After a while Delia said, ‘I can go to the embassy and talk to the resident … the local CIA chief. Maybe—’
‘No,’ I said. ‘Don’t trouble our friendly, neighborhood spooks. That’s not going to be helpful with your career.’
‘David, this is not about my career.’
‘The hell it’s not. I’m invested in your career, Delia. You know? As much as I’m not a fan of you showing up at random times to get me in trouble, you’re the only Feeb I know. You are the only person on earth who I could call as a character witness if I’m ever popped. Not that I would, it’s just … I don’t know, D. Maybe I just need there to be one person who knows that …’ I couldn’t complete that sentence. It was too needy and vulnerable and all those things big, tough, macho guys like me don’t do.

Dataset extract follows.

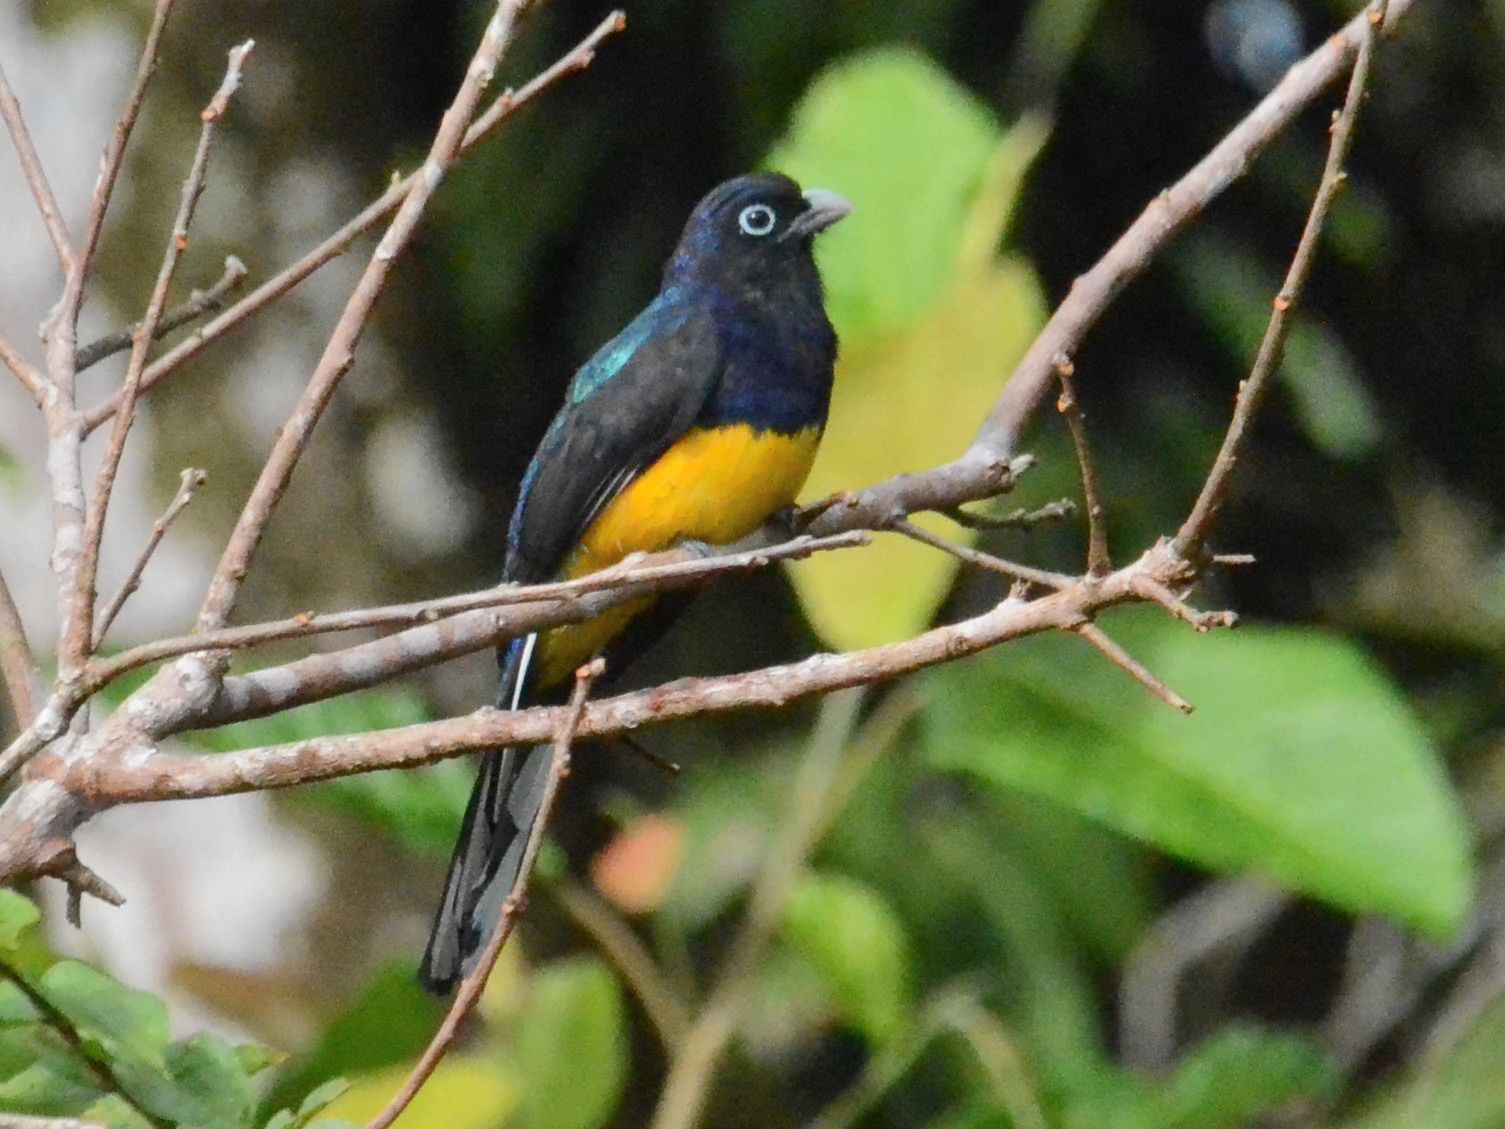 Click picture to see more Green-backed (White-tailed) Trogons.

Especially when we are already millimeters away from weeping.
Her expression was somewhere between gratified and worried.

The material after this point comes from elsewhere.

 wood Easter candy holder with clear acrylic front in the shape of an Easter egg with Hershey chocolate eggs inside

Delia’s brief physical contact was all that was allowed within the bounds of our relationship, so I didn’t grab her and look deep into her eyes, but I did stand up and move close to her because I wanted to tell her something I needed to say that transcended whatever our official roles were within this odd quasi-friendship.
‘Listen to me, FBI lady. I know what I am, and what you are, and we both know there’s no good reason for you to trust me. But I trust you. And I am telling you, without anything to back it up, that in this, this one thing, you can trust me: I will always protect you. If I go down, if I get caught, I will not take you down with me.’
We had a lovely, unguarded moment, just the law enforcer and the lawbreaker, and I could have sworn there were tears in her eyes, but that must have been a trick of the lighting. I’m pretty sure the Bureau doesn’t issue tear ducts to its agents.
And anyway, enough emotion. Enough self-pity. I wasn’t going to be scared off by some piece of shit like Willy Pete. Fuck him, fuck Isaac, fuck the CIA, fuck Sarip and Hangwoman and anyone else who wanted to hurt me. I was going to pull off a heist right under their noses.
But I had less than a full day now.
Tick-tock.
And the guy who was going to help me was dead in an alley.
I left Delia’s hotel staying well clear of alleys, pulled out my phone and texted Milan and Madalena.
Hey M&M. Do either of you know how to operate a small boat?